Fringe Spain: CAVA COUNTRY

A monthly class series exploring the outer limits of Spanish wine hosted at Tin Parlour, a conservas wine bar in the East Village.

May’s session, ‘Cava Country’, was held on Thursday the 23rd. See below for notes on the wines we drank, and a map of the landscape they were grown in.

Cava is pretty immediately recognizable as a shorthand for bubbles, right? Cheap ones, probably, a bottle you wouldn’t feel bad about putting orange juice in after grabbing it off the shelf on your way to a friend’s brunch party.

But cava is more than that $14ish bottle of, let’s say, Freixenet Cordon Negra — it’s a landscape. Almost all of it is grown in a single place.

While we are fond in wine of talking about the impact place has on what’s in your glass (terroir, “wine is made in the vineyard,” soil type), there are less ethereal, squishy, romantic ways that landscapes get shaped and in turn shape the bottles you’re drinking. Money, and what it wants, ends up mattering. A lot.
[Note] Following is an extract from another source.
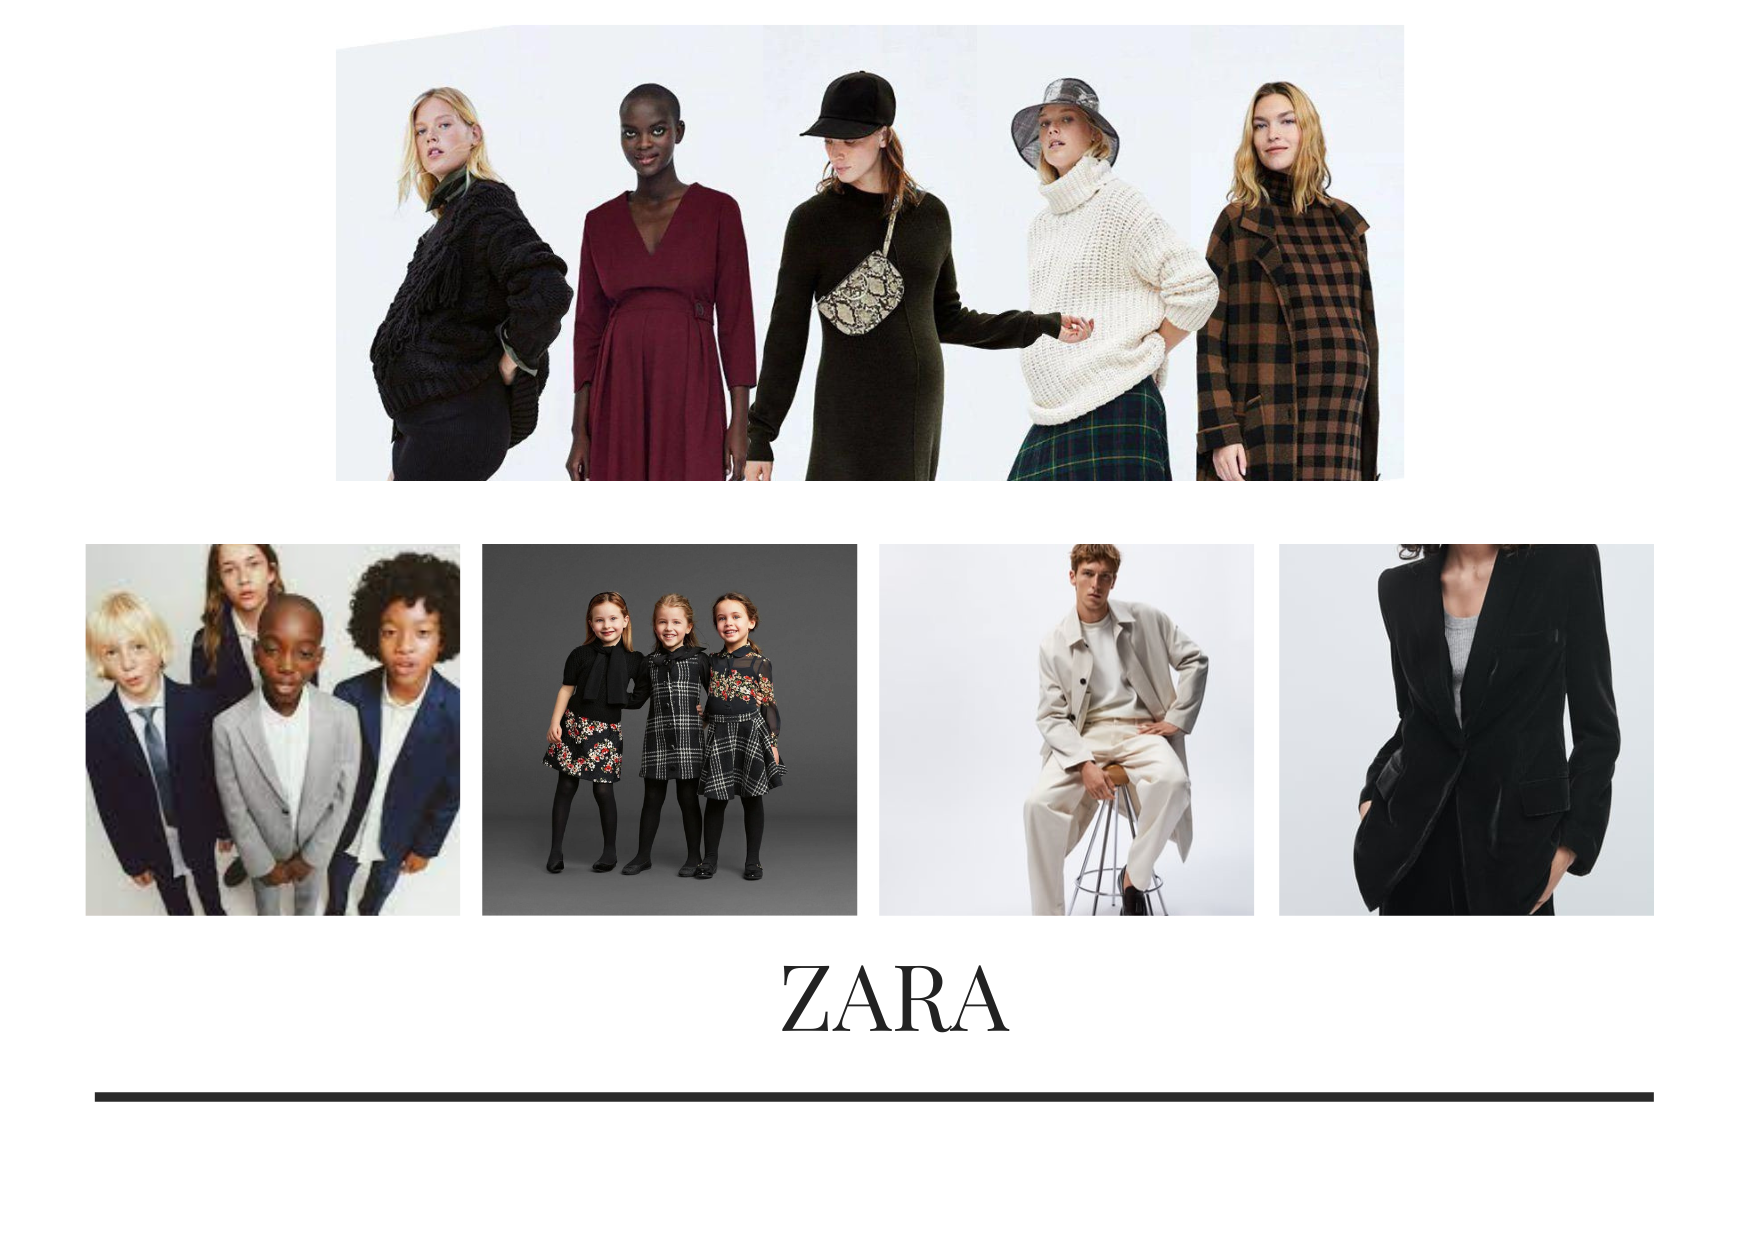 Phong cơ hội năng động phong phú và đa dạng, cao cấp kể từ ngôi nhà kiểu mốt Zara

And whole places can get get transformed towards commercial ends.

Cava Country — an agricultural landscape in the river valley over the hill from Barcelona once planted to olives and orange groves and grain that has been turned into a factory floor for wall to wall machine-harvested vineyards servicing a highly consolidated sparkling wine industry — tells this story in spades.

But it tells another one, too — a flowering, over the last two decades or so — of some of the most deliriously exciting, varied, weird wines in what I guess we’ll call Spain (but is really Catalunya).

The children and grandchildren of the grape growers in that valley are, for the first time in generations — or ever — bottling wine for themselves from the vines they tend.

And Cava Country is finally becoming what it was, secretly, all along: a wine region called Penedès.

What we drank

Freixenet cava, “Blanc de Blancs” // Recaredo corpinnat, “Terrers” 2018 // Mas Candí xarello, “QX” // Joan Rubio xarello, “Esencial” // Ramon Jané rosé pet-nat, “Tinc Set” // Clos Lentiscus blanc de blancs brut nature, “Greco di Subur” // Finca Parera clarete, “Fins als Kullons”

More on what we tasted and why it matters

Photo credit Emma Fleming (mine was backlit)

Freixenet, cava, “Blanc de Blancs”

Freixenet is to cava what Big Macs are to hamburgers. A brand founded by the union of two locally prominent landowning families in 1914 in Sant Sadurni d’Anoia, it produces over 100 million bottles of cava per year yet owns only 123 hectares of vines. The rest of the grapes are purchased from a thousand or so growers in Catalunya and throughout the rest of Spain.

In 2018 a controlling interest was acquired by a big German sparkling wine company, Henkell, which began operations in 1856 in Mainz by building a “champagne factory”, which was the style at the time. (Notable bon vivant and Holocaust architect Joachim von Ribbentrop, Hitler’s foreign minister, married into the family in 1920 and was the company’s wine sales representative in Berlin for most of the decade.)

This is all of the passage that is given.